July 22nd, 2011
WPP funds emotional response measuring tools for ads
Media Daily News
WPP is making another bet that it will be able to craft better marketing programs for its clients—if it can discover more insights surrounding the neurological and biometric reactions that consumers have to products and brand messaging.
The ad holding company, along with investment firm Myrian Capital, has committed close to $6 million to a start-up company that is developing techniques to measure the emotional responses of consumers to brands, products and experiences, such as advertising.

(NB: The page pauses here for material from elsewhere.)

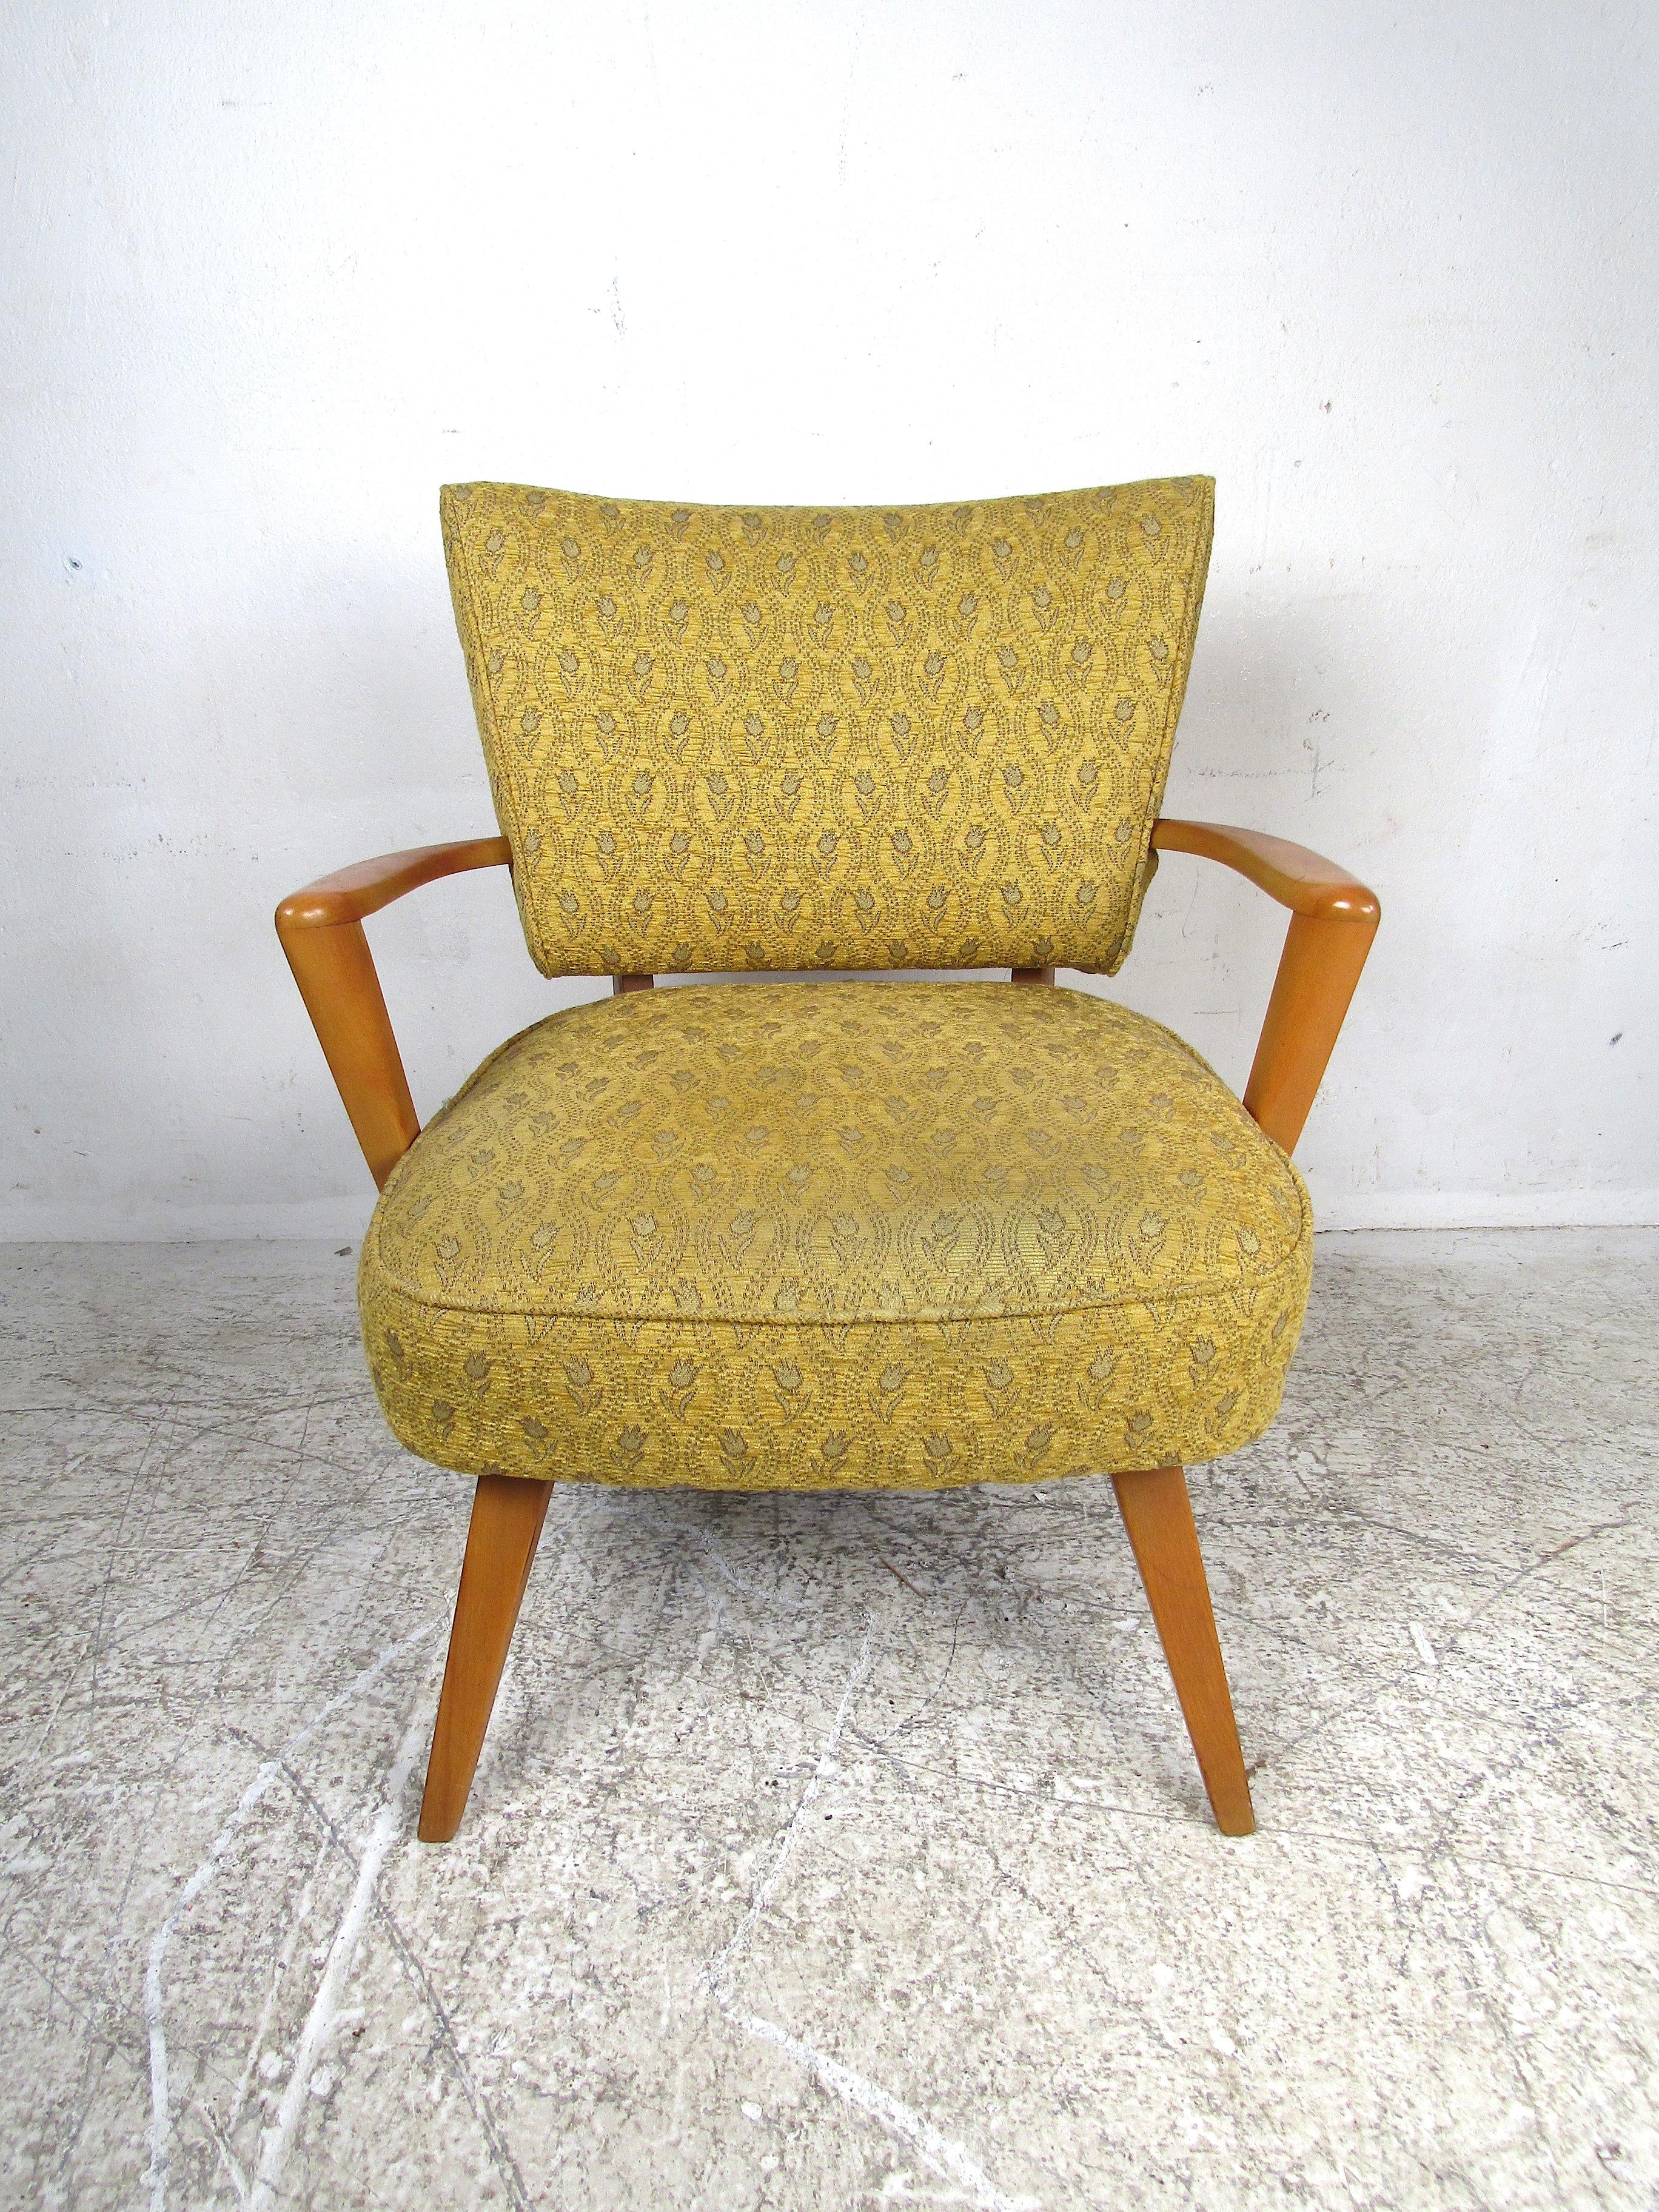 Petite vintage armchair with a floral pattern upholstery. Handsome frame with sculpted armrests and splayed legs. Large cushioned seat with a contoured backrest. Please confirm item location with dealer (NJ or NY).

With the investments, both WPP and Myrian will assume seats on the board of Affectiva. The company said the money would be used to further develop two of its key assets, including its “Q Sensor,” a wearable biometric sensing device used to track excitement, engagement, stress and anxiety. The Q Sensor quantifies emotional excitement by measuring so-called electrodermal activity (EDA), motion and temperature.
Money will also be used to advance a second research tool known as the Affdex system, which reads emotional states, such as liking and attention from facial expressions using a Webcam.
WPP said Kantar and Affectiva will form a strategic and commercial partnership that would utilize a combination of survey-based and technology-enabled observational data. “We plan to incorporate Affectiva technology into key areas of our offer, including communications research and innovation work,” stated Eric Salama, CEO of Kantar.
WPP and Kantar have been exploring tools to measure emotional reactions to ads and other marketing approaches for some time. After years of experimentation, Millward Brown, a unit of Kantar, formally launched a neuroscience practice last year to test the effectiveness of ads.
To launch the unit, Millward Brown partnered with EmSense, a neuroscience testing company. Previously, Millward had offered clients traditional techniques for testing ads, such as focus groups and surveys, before collaborating with EmSense.
It wasn’t clear to what extent—if any—the Kantar-Affectiva venture would work with the Millward Brown neuroscience unit to serve customers. WPP and Millward Brown did not respond to queries by press time.
“Marketers recognize that emotion drives brand loyalty and purchase decisions,” stated Dave Berman, CEO of Affectiva. He said the company’s proprietary systems address “an enormously challenging problem, understanding how people really feel in order to create products or experiences that are engaging and drive the right response.”
For years, marketers have debated how useful neuroscience and biometric research can be in helping them craft better ads—but the techniques have won more converts with recent improvements. Of late, a handful of firms including EmSense have introduced portable, less intrusive and more affordable devices to track and gauge brain wave activity and biologic data as subjects view ads.
The result of a collaborative research effort at the MIT Media Lab, Affectiva was founded in 2009 by MIT scientists Rosalind Picard, currently chief scientist at the firm, and Rana el Kaliouby, who is currently chief technology officer.